Nie odpowiedział mi pan na pytanie, czy 10 lat, czyli te dwie kadencje, to mało czy dużo czasu, żeby zrealizować swoją wizję?
- Przy obecnym polskim systemie zbiurokratyzowania, czyli namnożenia urzędów różnych, może się okazać, że dwie kadencje to wcale nie tak dużo. Bo polski parlament ma umiejętność budowania i mnożenia urzędów, natomiast nie umie likwidować tych niepotrzebnych. To powoduje, że cały proces inwestycyjny strasznie się na przestrzeni ostatnich kilku dekad wydłużył. Podam przykład.

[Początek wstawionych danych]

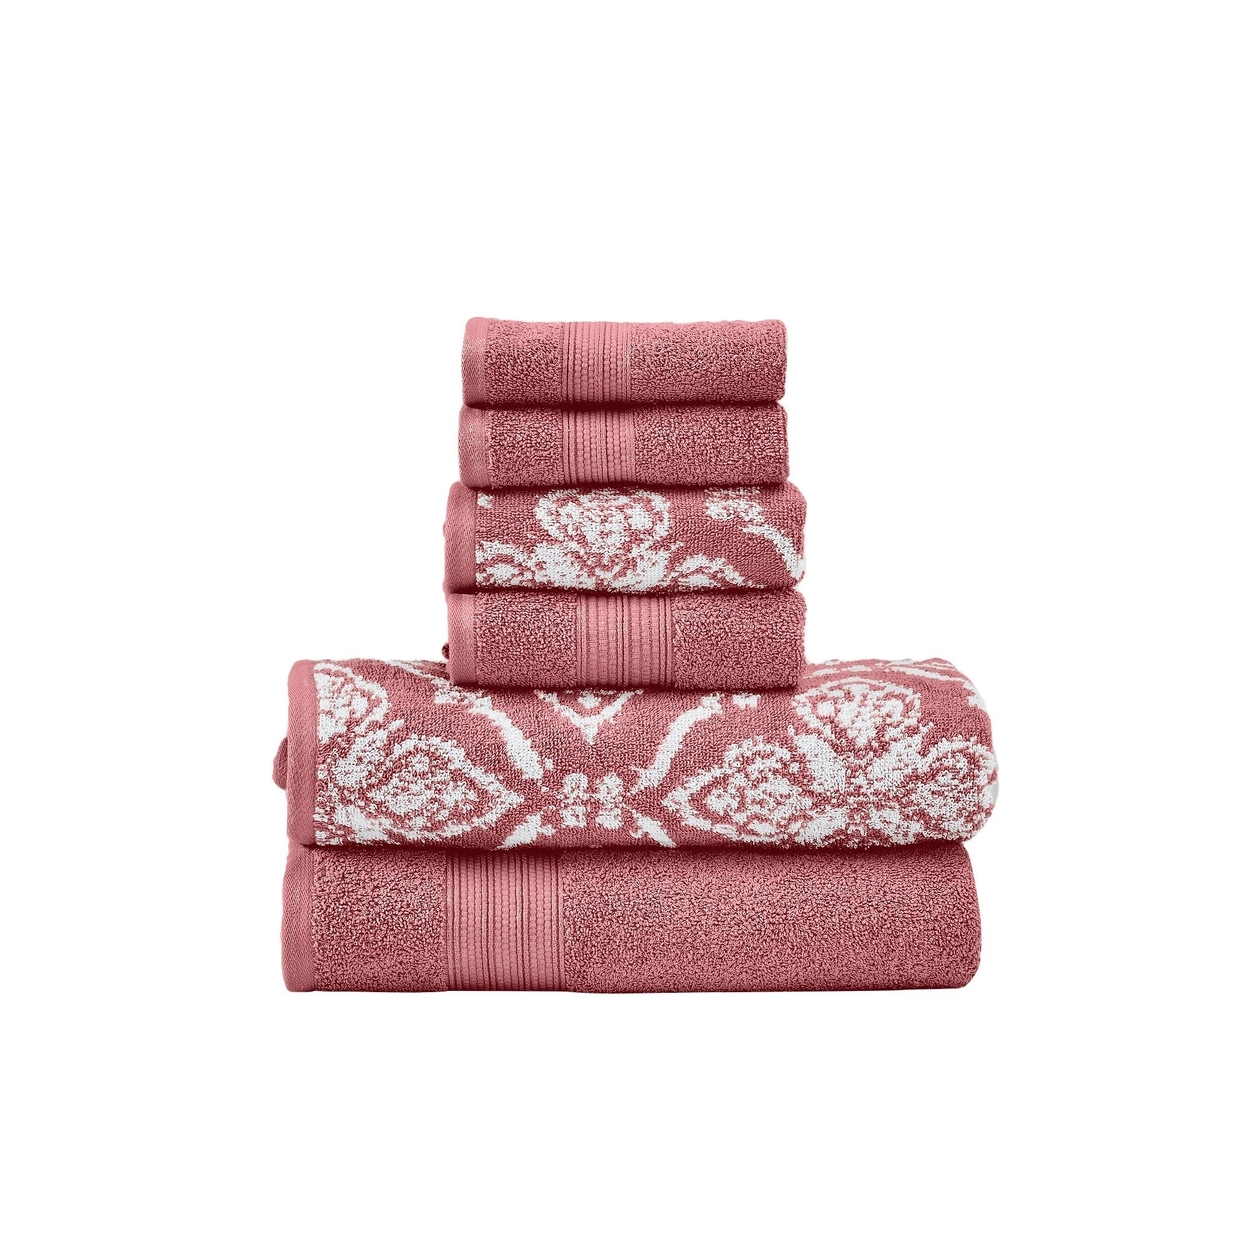 Naja 6pc Cotton Towel Set, Jacquard Pattern, White, Pink By The Urban Port- Saltoro Sherpi

- Kiedy zostawałem prezydentem, przeprowadzenie inwestycji takiej jak na przykład budowa szkoły, od decyzji do wybudowania, trwało mniej więcej 12 miesięcy. Dzisiaj to niemożliwe. Ale wtedy był jeden urząd w mieście, a teraz mam chyba cztery czy pięć urzędów, z którymi muszę się konsultować, a 10 kilometrów dalej mam kolejnych dziesięć urzędów. Żeby móc zrobić kładkę nad strumykiem dwa lata czekałem na samą decyzję Wód Polskich z Warszawy. Kiedyś byłoby tak, że sam bym ją zrobił i nie musiał nikogo pytać o zgodę. Dzisiaj, żeby wybudować kładkę dla rowerzystów o długości sześciu metrów, ja muszę iść do kilku urzędów i latami czekać na jakieś załatwianie formalności. Teraz na przykład chciałbym zbudować zbiornik retencyjny w mieście. Zgodę na sam projekt uzyskam, nie wiem, może za trzy-cztery lata. Tak to dzisiaj wygląda.

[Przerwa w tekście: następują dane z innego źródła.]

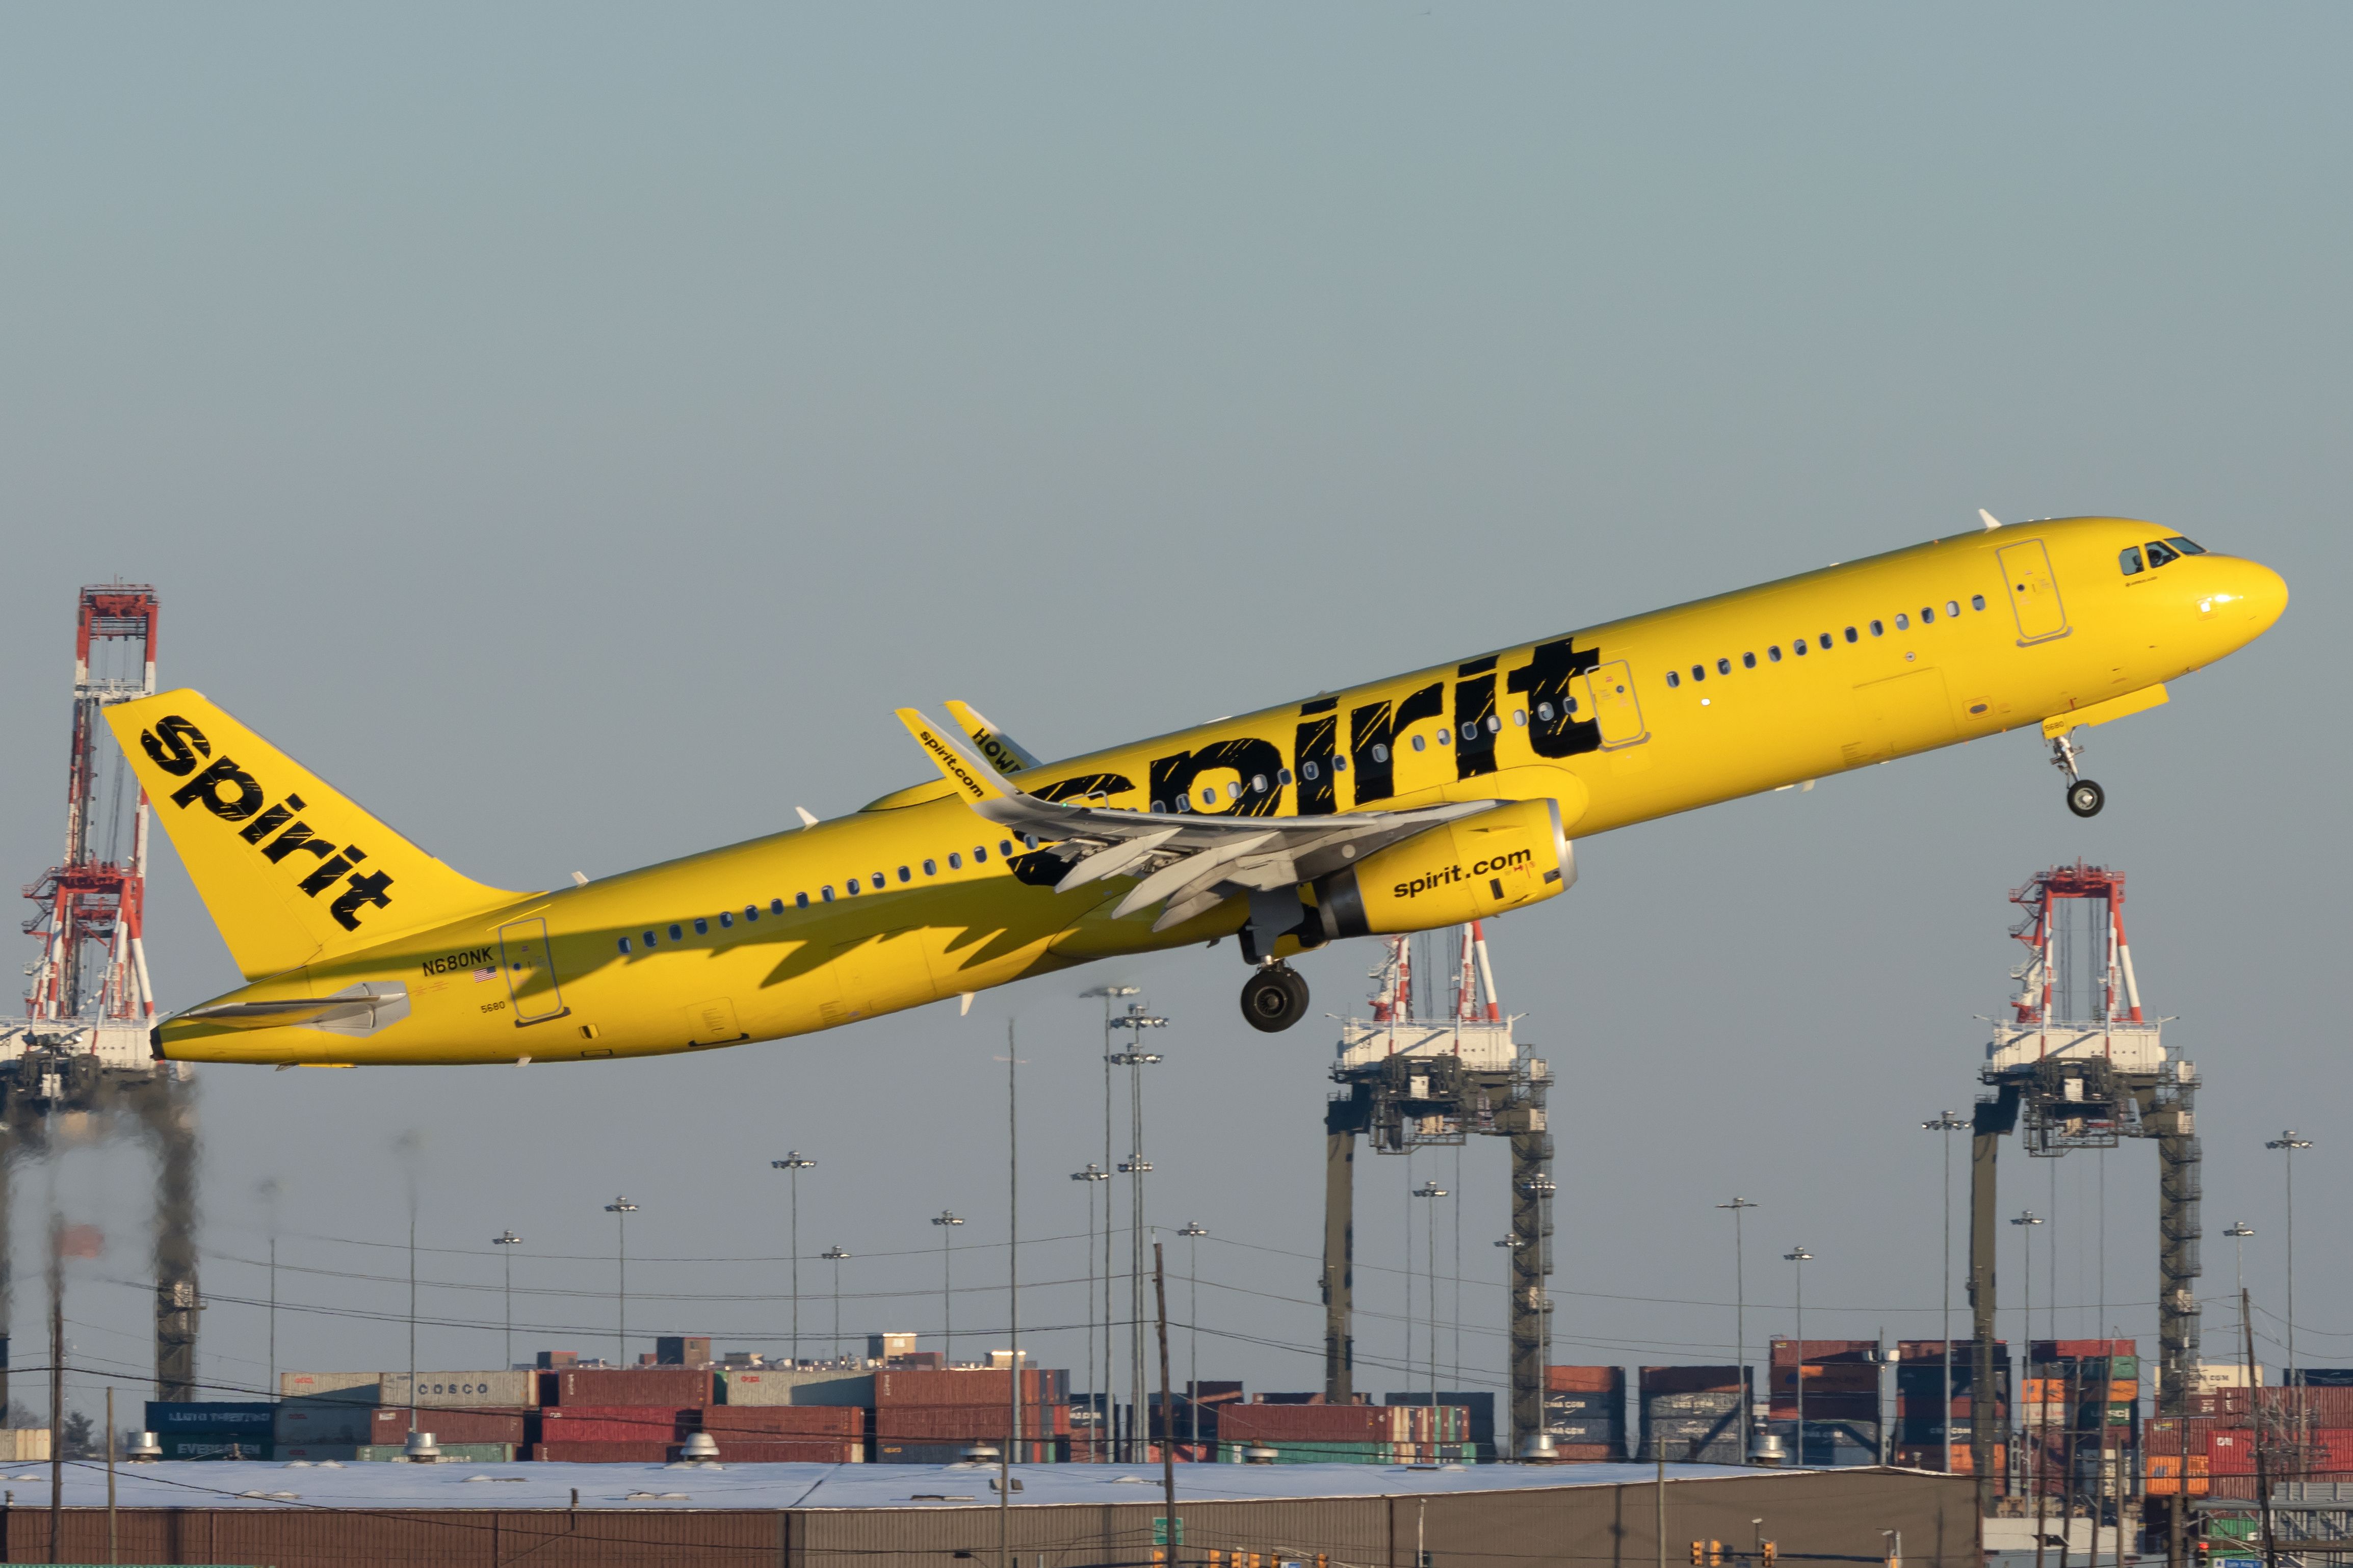 Spirit Airways Reviews This autumn 2022 Web Loss Of $270.7 Million

- Dlatego zgadzam się, że 10 lat to byłoby dużo, ale pod jednym warunkiem, że zlikwidowalibyśmy 80 proc. urzędów centralnych, które są kompletnie zbędne i martwe, a nam samorządowcom wiążą ręce.
Projekt znoszący dwukadencyjność ma poparcie PSL, Lewicy, a przynajmniej jej części oraz premiera. Jak pan szacuje szanse tego pomysłu?

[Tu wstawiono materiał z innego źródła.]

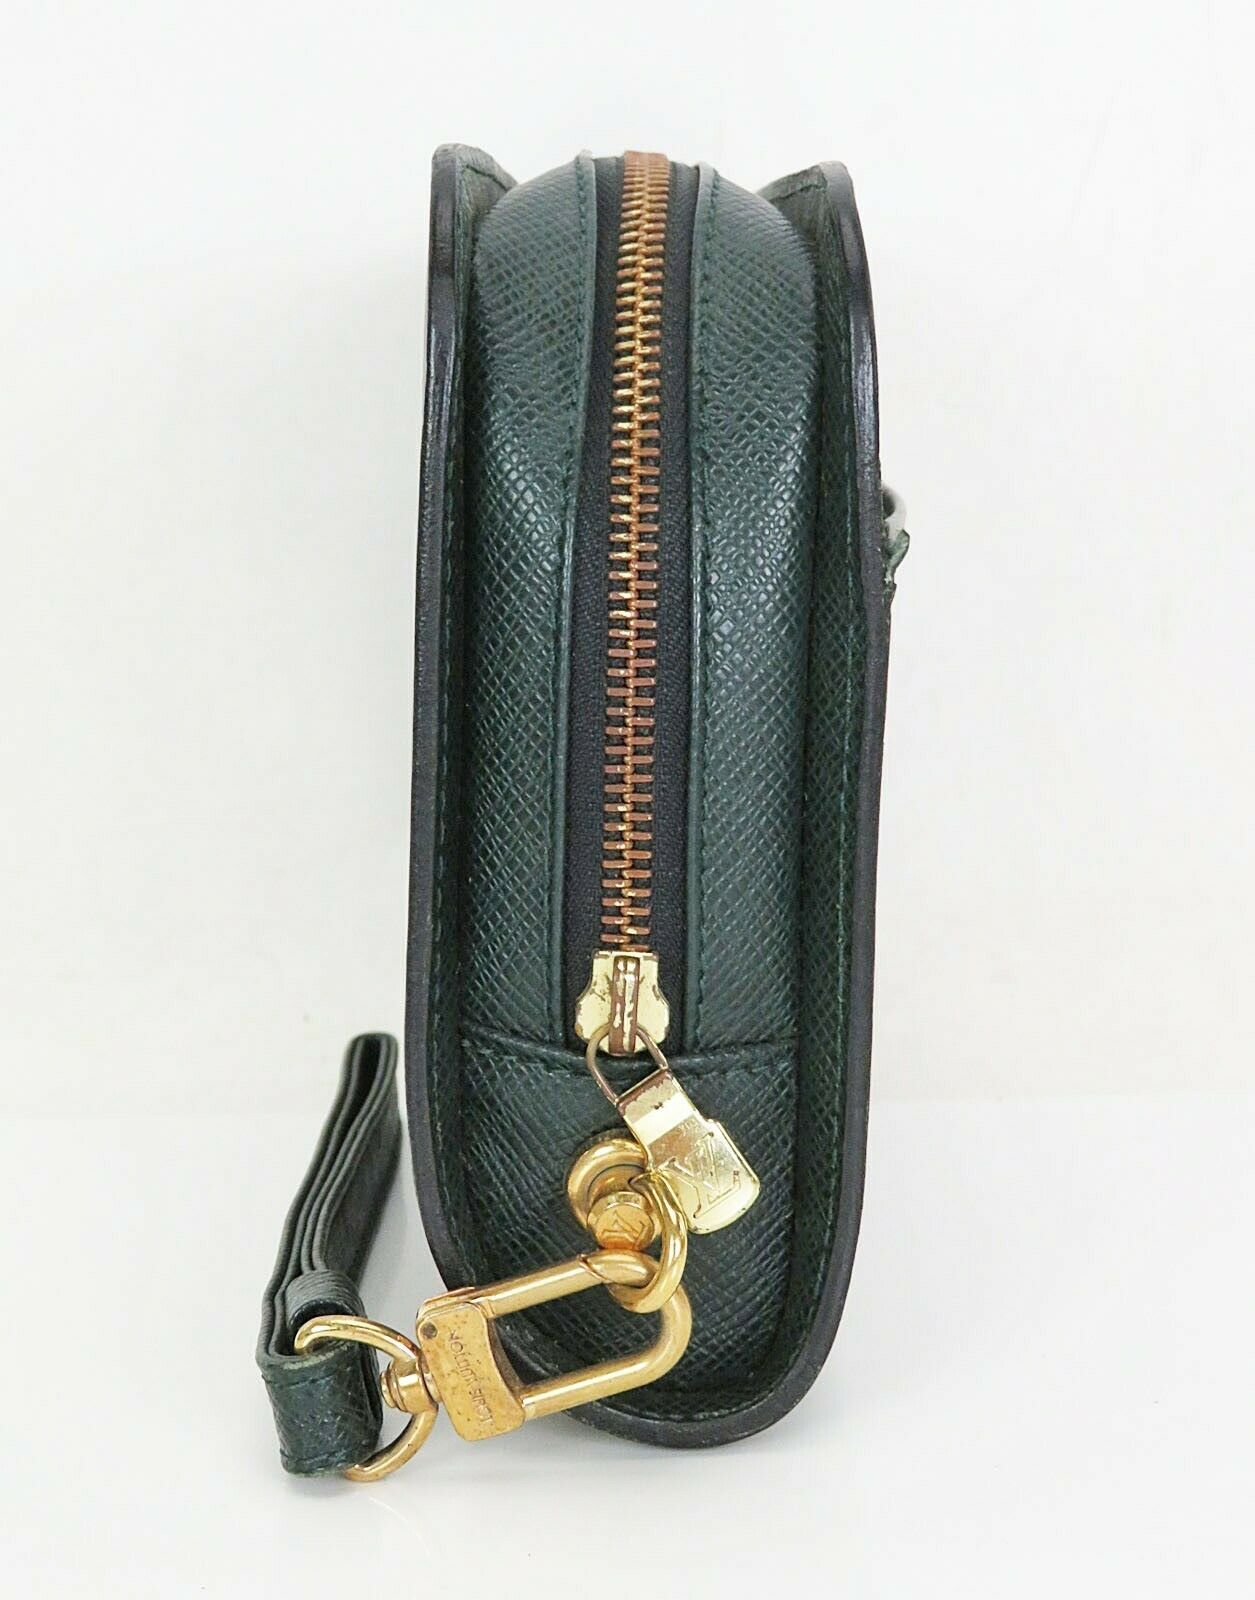 Authentic LOUIS VUITTON Baikal Green Taiga Leather Clutch Hand Wrist Bag #34915 - Bags

- Uważam, że gdyby komukolwiek naprawdę na tym zależało, to zacząłby od rozmowy z prezydentem Karolem Nawrockim. A widząc, jak to wygląda, uważam, że wszyscy tylko udają, że chcą znieść dwukadencyjność, a tak naprawdę nie chcą.
Takie dinozaury jak ja to mniejszość, w związku z czym nie można w oparciu o pojedyncze przykłady tworzyć całej polityki, normy prawnej i wprowadzać rozwiązania, które osłabia samorząd, a nie go wzmacniają
Jak to? PSL przecież zrobił z tego swój sztandarowy pomysł.
- Wszyscy zdają sobie sprawę, że prezydent Nawrocki będzie sceptyczny, bo mówił o tym w kampanii. A nikomu nawet nie przyszło do głowy, żeby z nim o tym wcześniej porozmawiać, przedstawić argumenty, spróbować przekonać. Dzisiaj każdy chce się przypodobać samorządowcom, ale ja mam dobrą pamięć i pamiętam na przykład wypowiedź wicemarszałka Piotra Zgorzelskiego sprzed kilku lat w radiu o tym, że dwukadencyjność to jest dobry pomysł. Stąd moja nieufność do tych ostatnich działań i nagłego przebudzenia polityków w Sejmie.
- Prezydent Andrzej Duda nie wypowiadał się na temat dwukadencyjności, więc dlaczego od razu po wyborach w 2023 roku koalicja nie wyszła z projektem, znoszącym dwukadencyjność? Może prezydenta Dudę łatwiej byłoby przekonać? Dlaczego wszyscy obudzili się teraz?
Jaka jest pana odpowiedź?
- Bo liczą na to, że ci wszyscy samorządowcy uwierzą w ich intencje i w ramach wdzięczności poprą którąś z tych partii w czasie kampanii wyborczej. Mając samorząd po swojej stronie łatwiej jest prowadzić kampanię, przekonywać ludzi, budować poparcie.
- Tylko, że to jest tak jak gdybym ja zbierał podpisy, żeby się zarejestrować w PKW i móc kandydować w następnych wyborach, wiedząc o tym, że Państwowa Komisja Wyborcza nie może mnie zarejestrować. I oczywiście potem byłbym zaskoczony, że mnie nie zarejestrowała i oburzony, zrobiłbym pewnie konferencję prasową, podkreślając, że zrobiłem wszystko dla mego miasta, moich wyborców, obywateli i zostaliśmy wszyscy wspólnie oszukani. Tak widzę zarówno intencje tych, co twierdzą, że chcą znieść dwukadencyjność, jak i szanse na to, że im się uda.